写真知事対談 島根の魅力ある文化を語る
ウミネコが乱舞する経島。毎年11月から7月にかけて約五千羽もの姿が見られ、
ニャーニャーという猫に似た鳴き声でにぎやかだ。(大社町)

宮本信子 宮本信子
女優。北海道小樽市出身。
文学座付属演劇研究所、劇団青芸、劇団青俳を経て昭和47年よりフリー、平成2年東宝芸能に所属。昭和39年のデビュー以来、テレビ、映画、舞台等で活躍。昭和44年、故伊丹十三氏と結婚して10年間休養の後、昭和59年、夫の初監督作品「お葬式」で映画初主演して大ヒット。以後、「タンポポ」「マルサの女」「あげまん」「ミンボーの女」など、夫と組んだ映画が次々とヒットする。特に「マルサの女」では、シカゴ国際映画祭最優秀主演女優賞、日本アカデミー賞最優秀主演女優賞、キネマ旬報賞主演女優賞など多数受賞。平成11年8月松竹座で、安来節をテーマにした「うさぎ一座物語」の主役を務めた。
澄田信義 澄田信義
島根県知事。島根県出雲市出身。東京大学法学部卒。和歌山県警察本部長、日本国有鉄道常務理事を経て、昭和62年より現職。現在4期目。
島根の豊かな伝統芸能
知事 宮本さんは、平成11年8月に「うさぎ一座物語」の舞台で主役を演じられましたが、島根県の安来節をテーマにした作品ということで非常に喜びました。公演前の6月には、島根にお越しいただいたそうですね。

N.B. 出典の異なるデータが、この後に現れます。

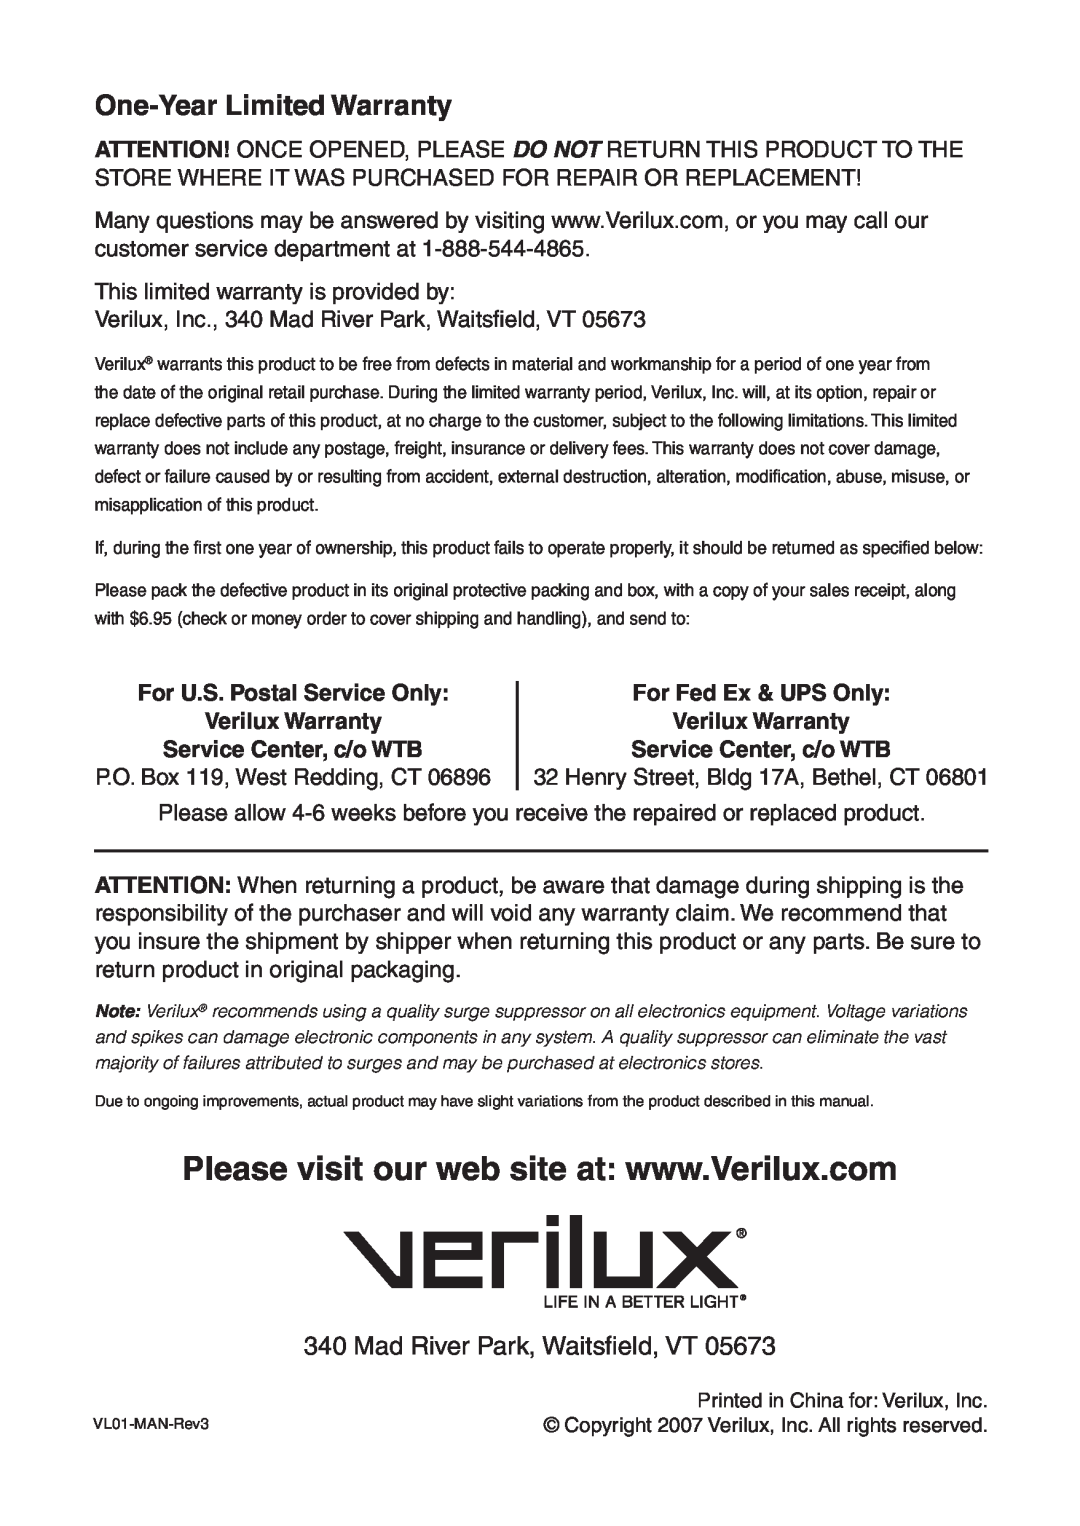 Verilux VL01 manual One-YearLimited Warranty, Mad River Park, Waitsﬁeld, VT, For U.S. Postal Service Only Verilux Warranty

宮本 ええ。安来を知らないと、役づくりはできません。芸人の歴史には残らないけれど、安来節が本当に好きな女の子の話ですから。そのとき知ったんですが、安来節初代家元渡部お糸さんのお母さんはノブというんですよね。私も信子ですから、ノブ。
知事 私もノブ、信義といいます。
宮本 あっ、一緒ですね(笑)。しかも、お糸さんが亡くなったのが、私の誕生日と同じ3月27日。すごく縁を感じました。安来の方は、どなたでもすぐ「♪やす−ぎぃ〜」って歌ってくださるのには、びっくりしましたね。
知事 私が若いころには、お酒が入るとみんなが即興で世の中の出来事を折り込んだ歌詞を作り、次々と安来節を歌ったものです。現在、安来市では小、中学校でも、その保存に一生懸命努力しています。
宮本 私たちの公演中に楽屋では、衣装部の人たちが手の運動やボケ防止にいいとか言って、銭太鼓がはやっていたんです。「役者が駄目な時には、衣装部さん出てよ」(笑)と、冗談で話してました。
知事 一斉にやるとなかなか楽しいですからね。島根県の民謡にはほかに、浜田の浜田節や、隠岐島のしげさ節、キンニャモニャ……。
宮本 えっ、キンニモニ?(笑)
知事 キンニャモニャといいます。これは、キンニャモニャという歌に合わせて踊るユーモラスなものです。また、出雲と石見に神楽もあり、今でも三十三演目あるといわれていますが、その中でも有名なのがスサノオノミコトのオロチ退治。
宮本 おもしろそうですね。
知事 非常に勇壮ですが、オロチの扮装やスサノオノミコトの面は紙で作っているんです。
宮本 へえーっ、和紙ですか。
知事 だから非常に軽いし、それがひとつの地場産業でもある。そして職場とかあるいは集落単位で神楽を演ずる社中がたくさんあります。島根は伝統芸能の宝庫ですから、それを生かし、保存伝承していくことが大切だと思っています。